Article
Matthew Giesmann · Nov 20, 2020 6m read

Leveraging Queries and ObjectScript with the AppS.REST Framework

Earlier this year, the AppS.REST package was released. AppS.REST is a framework for easily exposing existing persistent classes in IRIS as REST resources. AppS.REST-enabled classes support CRUD operations with little effort from the developer, bridging the gap between persistent data in IRIS and data consumers, such as an Angular front end application.

But IRIS classes are much more than just a definition for loading and saving individual records! This article aims to highlight a few ways to leverage the power of IRIS in your REST applications.  Using the Phone.Contact sample app, we'll look at out-of-the-box query support, use of class queries and finally ObjectScript methods.

Getting Started

You can find the AppS.REST package on the Open Exchange. This article will use examples from the Sample Phonebook app (available on github).  Both packages can be installed easily with the Objectscript Package Manager, which can be found here

Once installed, the Phonebook sample app will populate some dummy data and set up the necessary web application. That web application will forward all requests to the Sample.Phonebook.REST.Handler class.  I'm testing locally, so all of my http requests will be under http://localhost:52773/csp/USER/phonebook-sample/api/, but your server and port my differ.

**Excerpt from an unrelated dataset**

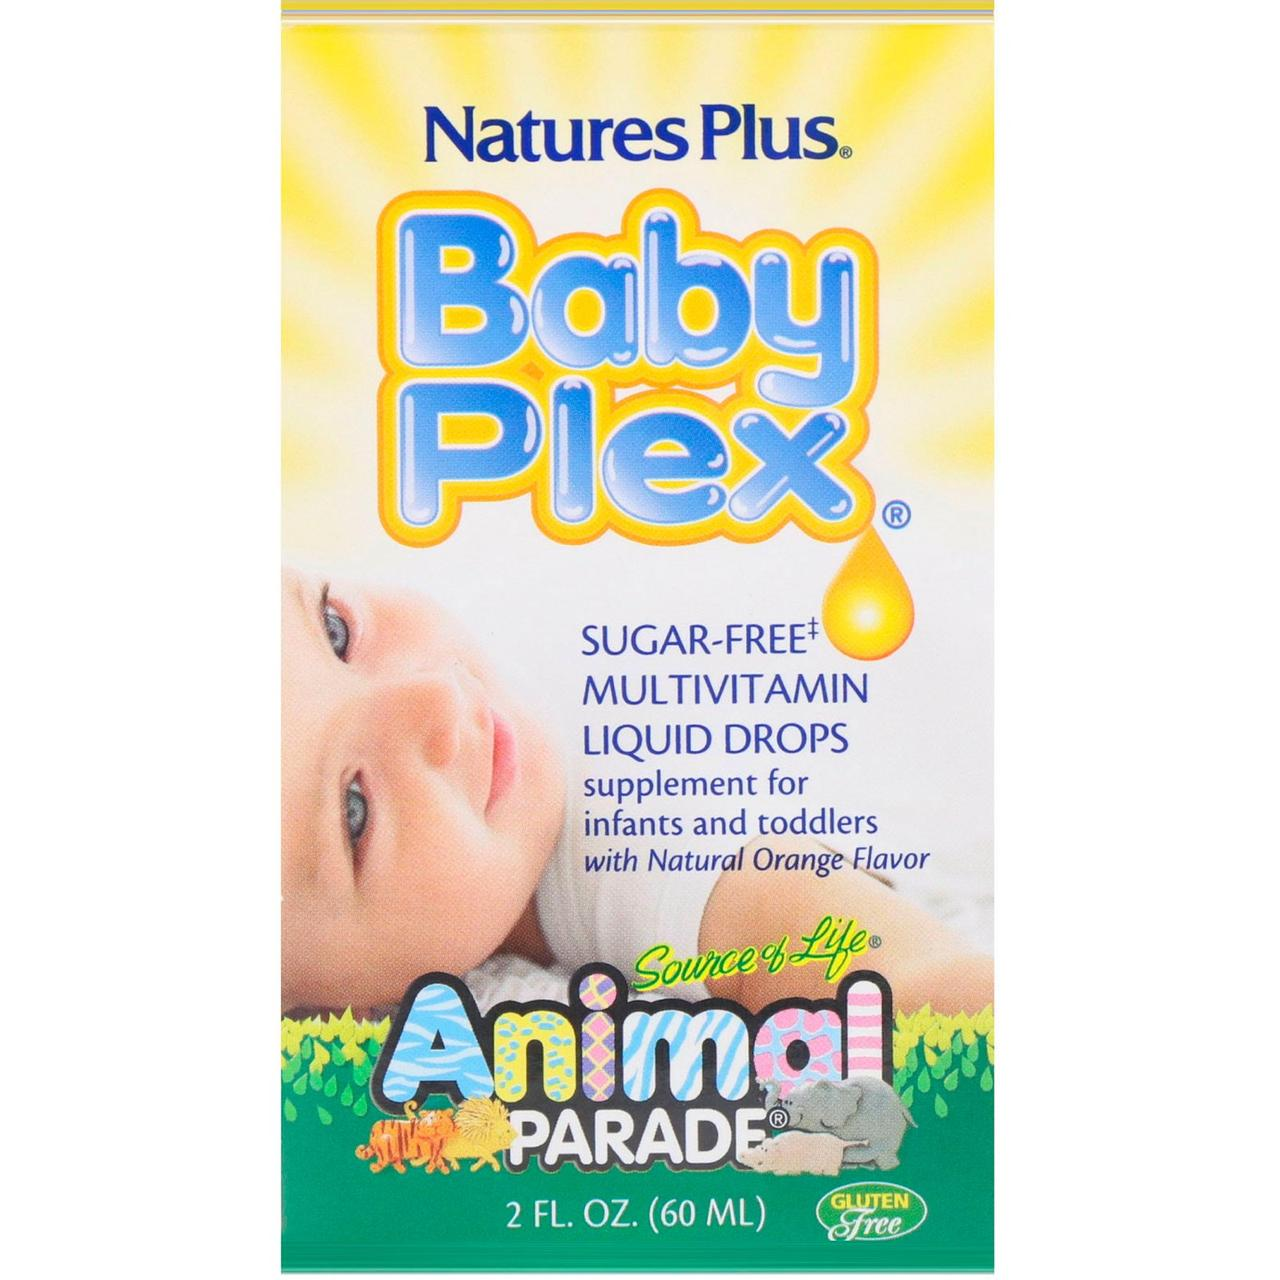 Nature's Plus, Source of Life, Animal Parade, Baby Plex, жидкие мультивитаминные капли без сахара, с натуральным вкусом апельсина, 2 жидкие унции (60
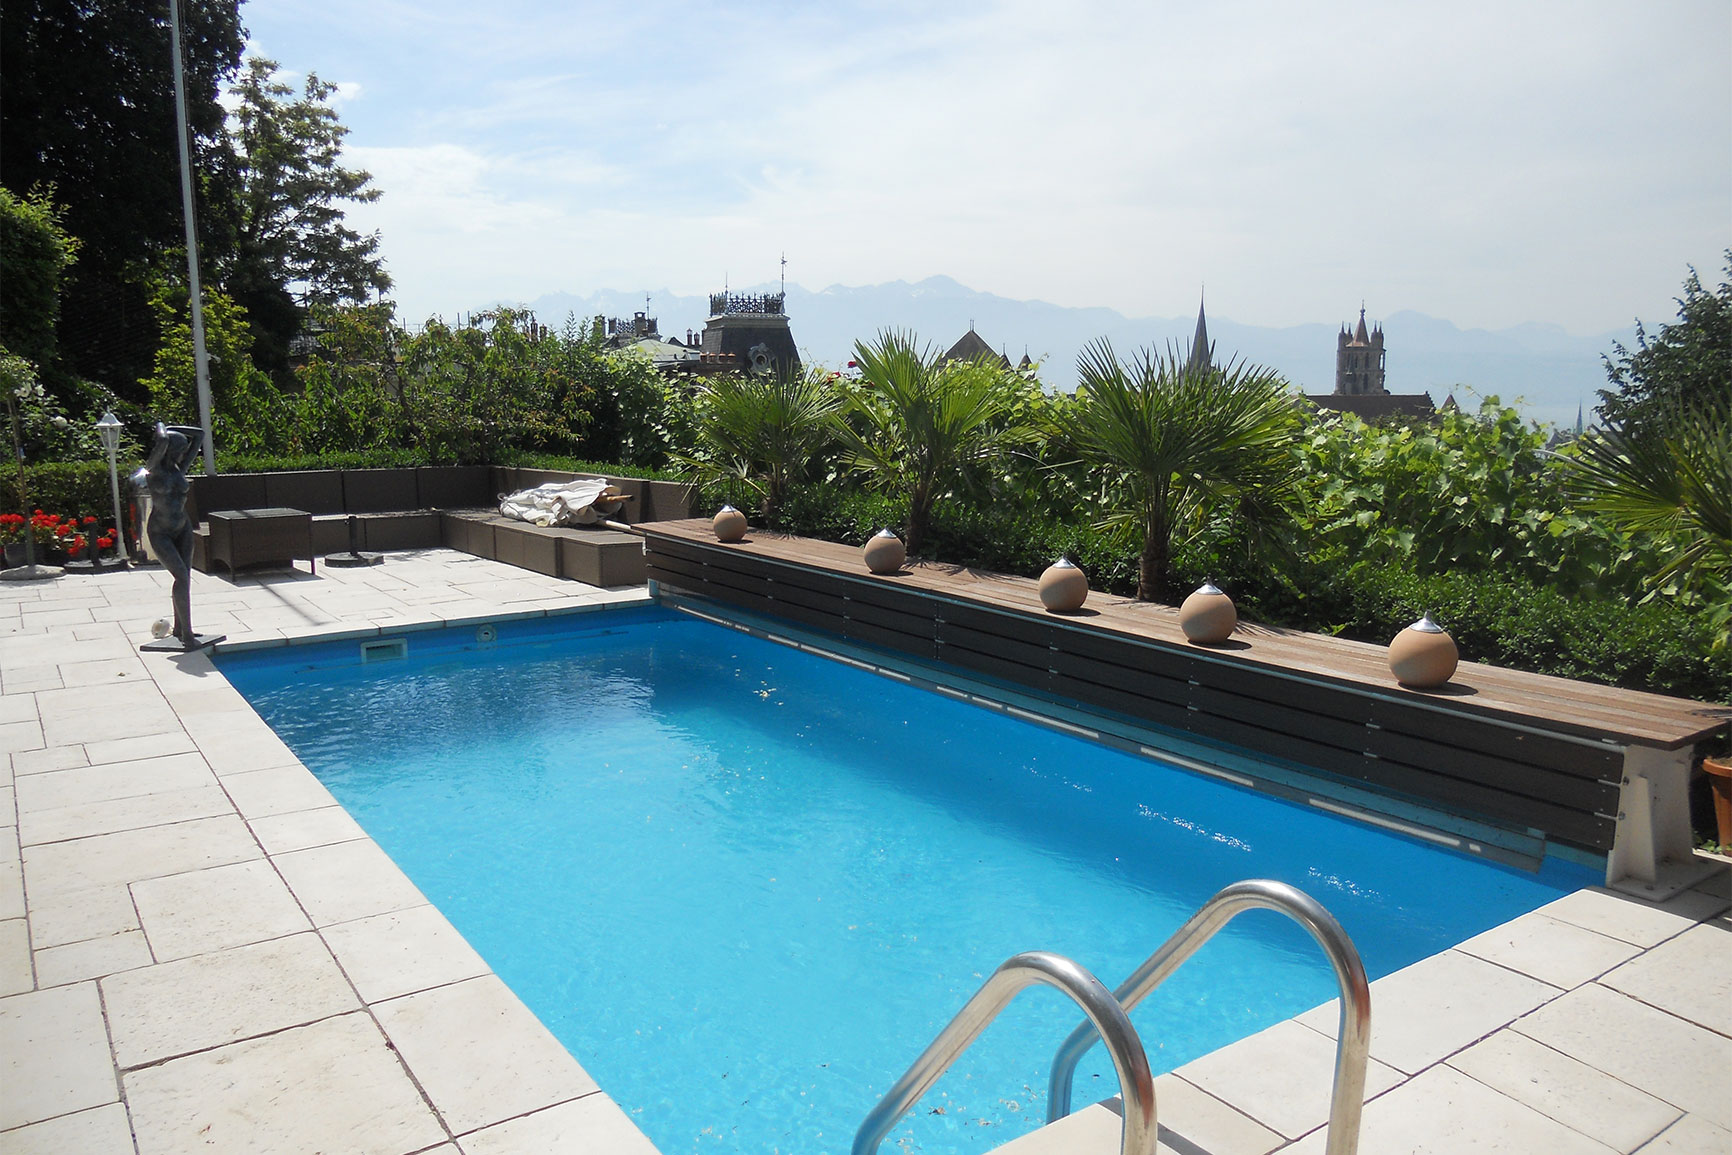 Classique liner piscines widmer for Installation liner piscine

I used the Talend API Tester Chrome extension to try out all of these REST calls, but there are many good API tools out there.

Enabling Simple Requests

Let's take a look at the Model.Person class, which is enabled for REST by extending AppS.REST.Model.Adaptor.  We see that it is exposed as the "contact" resource as defined by the RESOURCENAME parameter.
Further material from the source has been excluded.